While Schlock Magazine gets its ‘Monster March’ on the road, I troop away with my own, starting with a shit-and-mud caked gem.
That there is something both liberating and enslaving about the monster is a well-worn trope in both popular culture and popular discussion. ‘You take something away, you get something back’ is part of it: monstrosity can signify exclusion and enslavement, but by that same token it can also mean that the monster is freed from the rat race of day-to-day existence. By destiny or design, the monster is plunged into a skewed world, which can yield to plenty of advantages if they play their cards right… that is, given that the monsters in question have any cards to play at all, or if they do, whether they have the cerebral capability to process the rules of the game in question.

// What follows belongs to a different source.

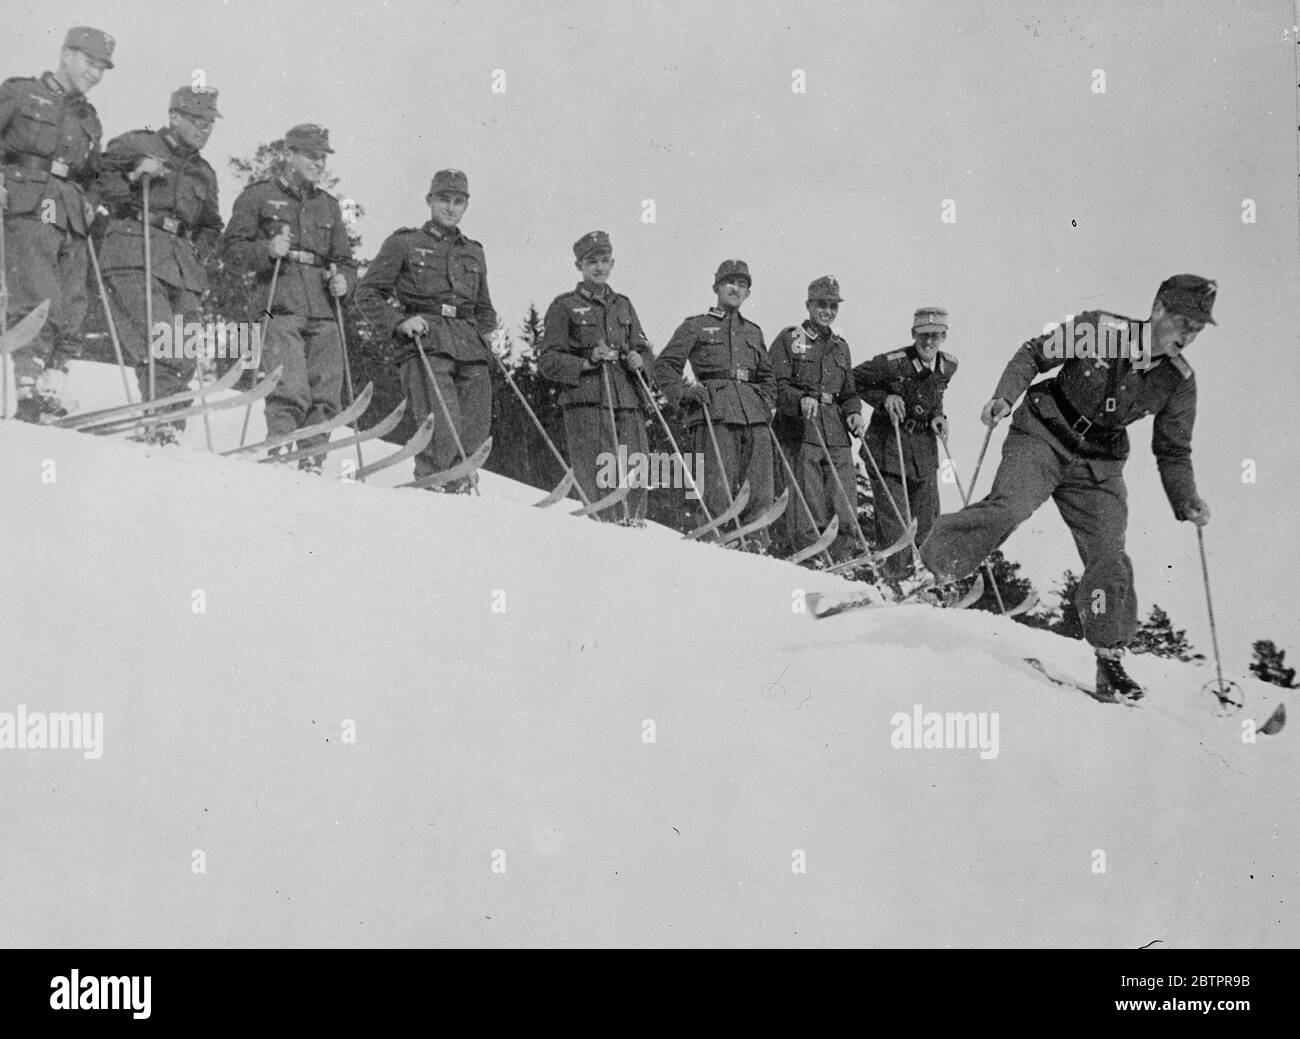 Commande parfaite ! L'équipe de ski du 19e Régiment de montagne de l'armée allemande regardant une démonstration du chef, le lieutenant Sommer, pendant l'entraînement, près de Mitterwald pour les championnats de ski de l'armée allemande qui se dérouleront le mois prochain. 18 janvier 1938 Banque D'Images

The monsters of Frankenstein’s Army (2013) certainly have zero agency. Nazi cyborg grunts for the titular Josef-Mengele like throwback to Mary Shelley’s famous doctor, they shuffle along, showing off their freshly grafted bodily modifications with automated – but still menacing – glee. What’s more interesting though is Dr Frankenstein’s (Karel Roden) justification for his experiments… at least, the justification we’re given at the end, which feels like a hurried, tacked-on thematic appendage suited both to his in-film creations and the meta-film’s messy raison d’etre.

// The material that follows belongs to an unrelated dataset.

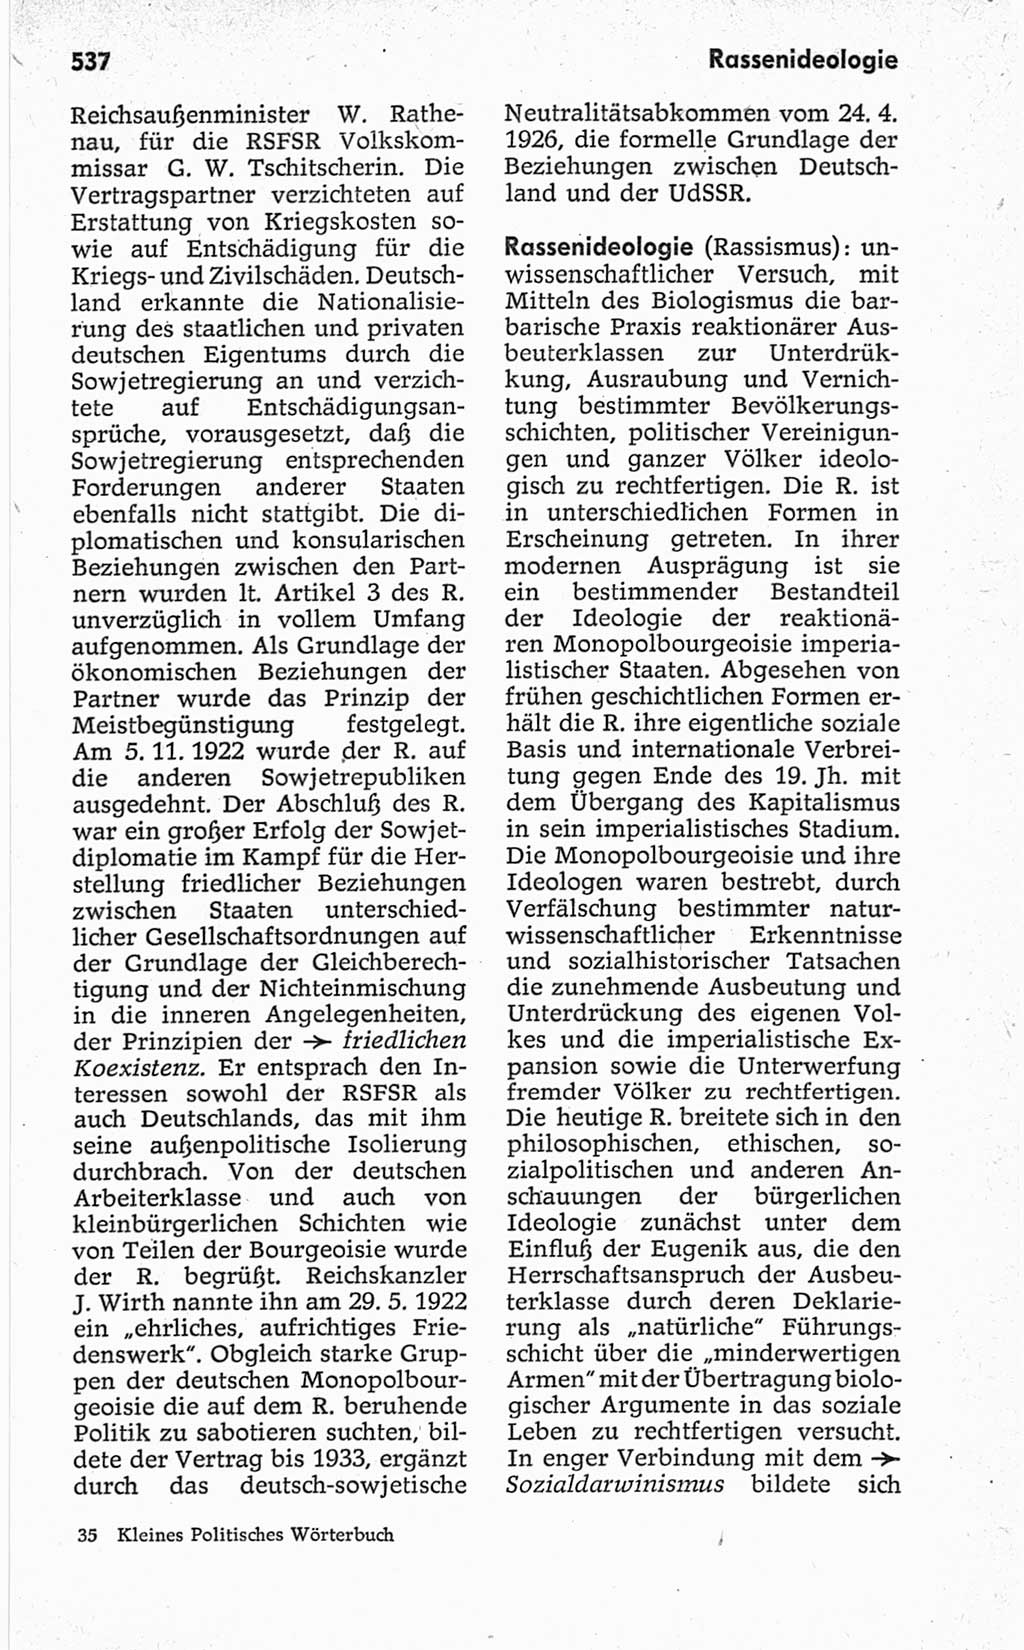 Kleines politisches Wörterbuch [Deutsche Demokratische Republik (DDR)] 1967, Seite 537 (Kl. pol. Wb. DDR 1967, S. 537)

The fascists he – ostensibly – works for and under are “insane”, Frankenstein admits. But so are communists and capitalists. he declares. His creations, on the other hand, made entirely of the human contradictions that lead to war, can in fact be used to smooth the same contradictions out. The scene in which the doctor attempts to collage a fascist brain with a communist one is an explicit illustration of this, of course, but it’s also a reminder of how vulgar pulp can remind us of what monsters are ‘for’ in the first place.